(Dataset content Opens)

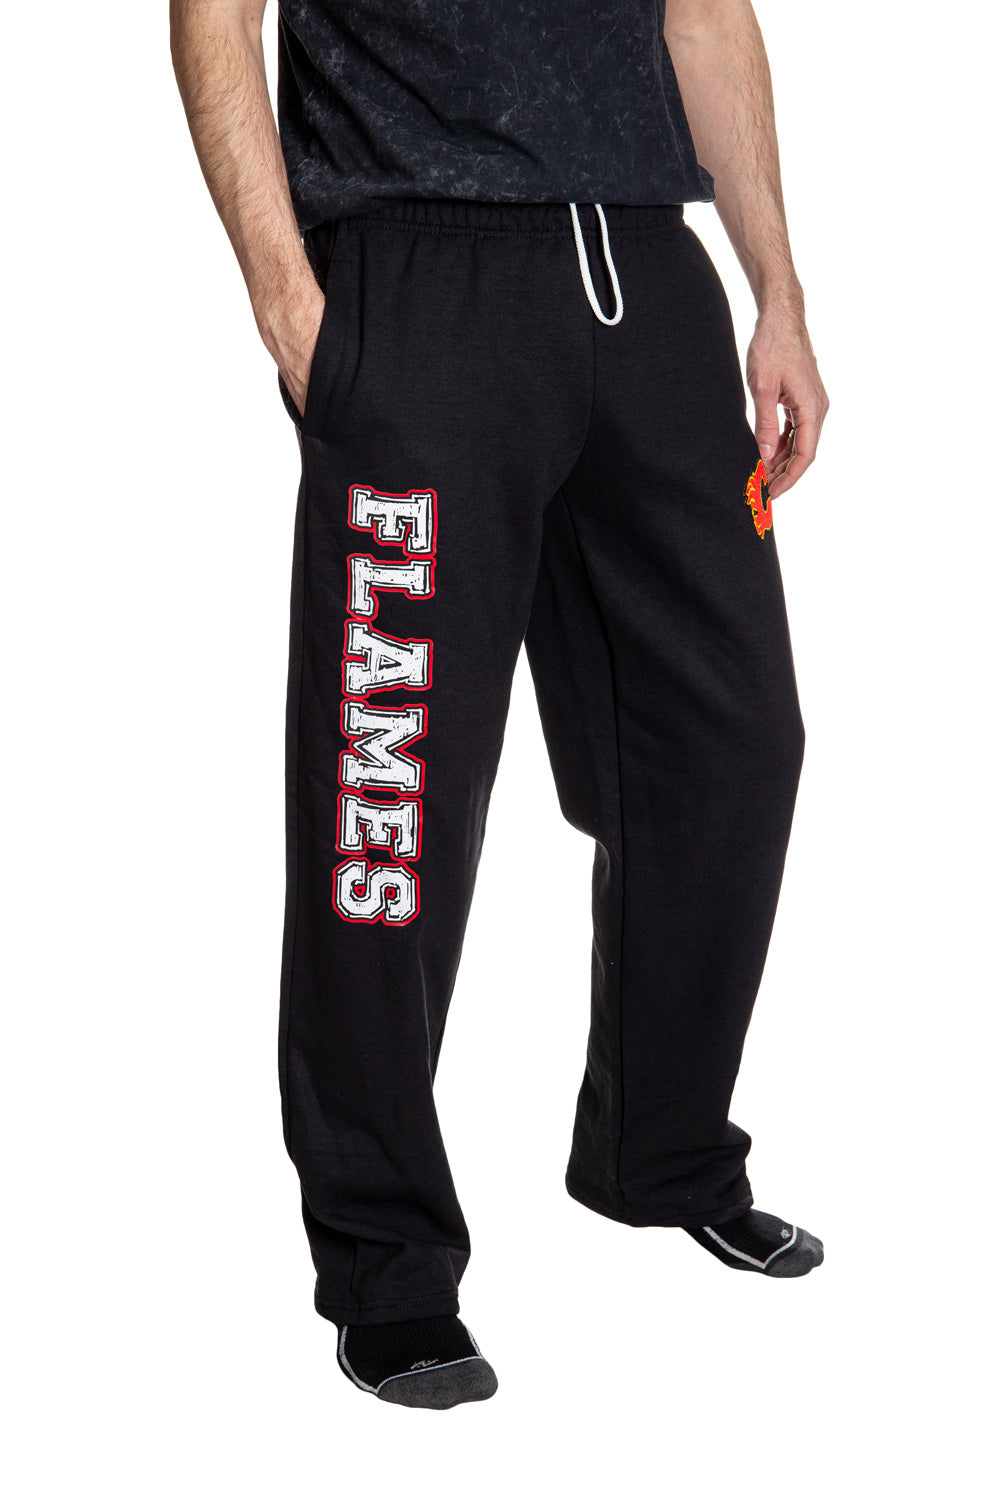 Calgary Flames Premium Fleece Sweatpants
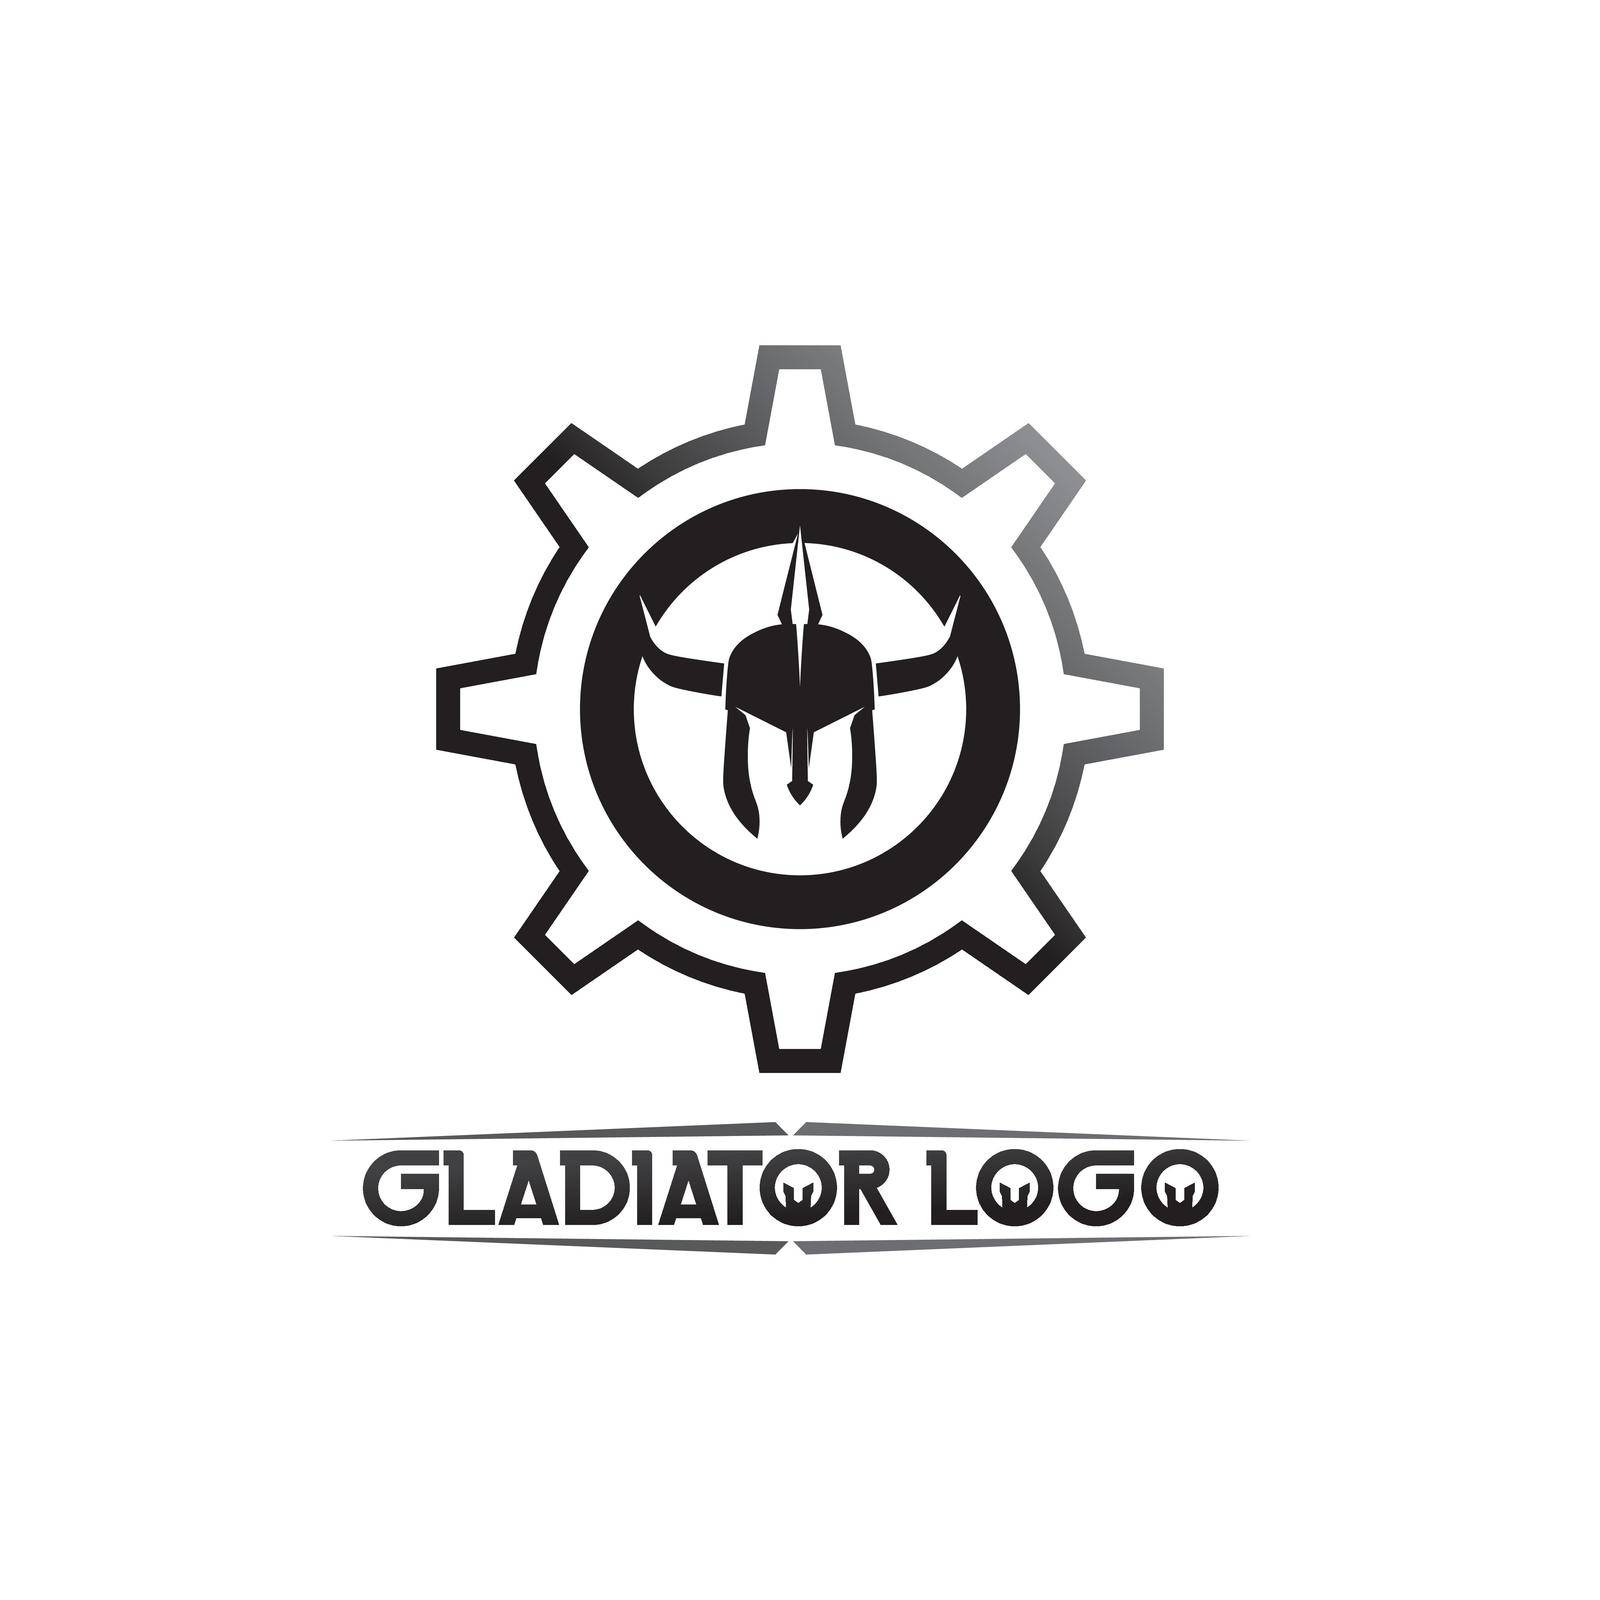 spartan logo black Glaiator and vector design helmet and head black by Anggasaputro
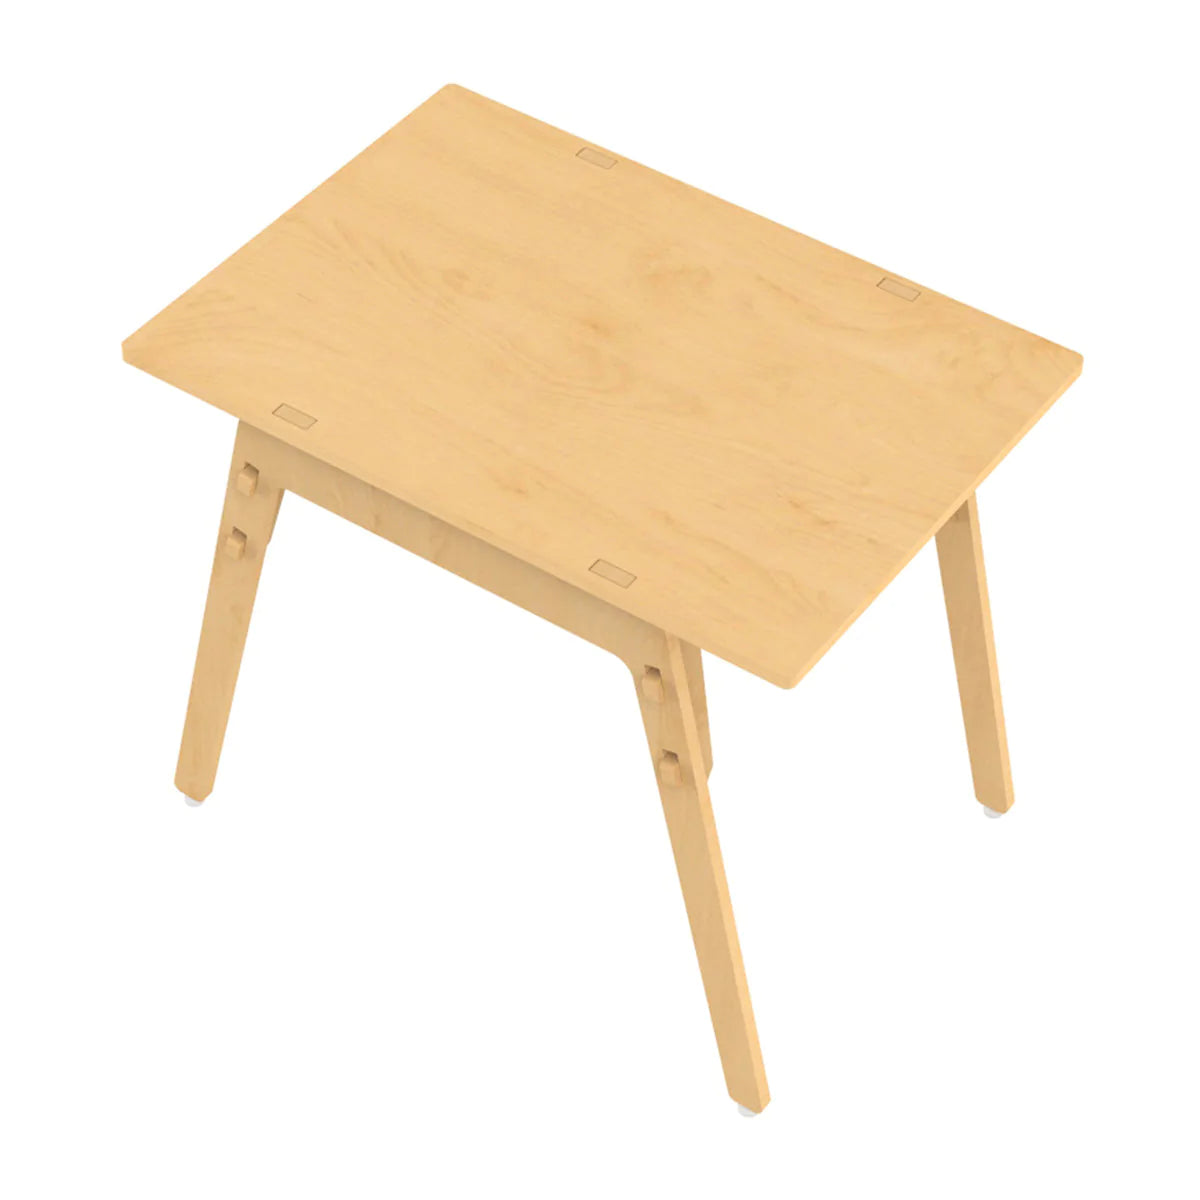 Buy Black Kiwi Wooden Table - Natural - SkilloToys.com

(Dataset content Closes)

The problem: Give back all the material exactly, with no pictures.

Problem solution:
 Calgary Flames Premium Fleece Sweatpants
 spartan logo black Glaiator and vector design helmet and head black by Anggasaputro
 Buy Black Kiwi Wooden Table - Natural - SkilloToys.com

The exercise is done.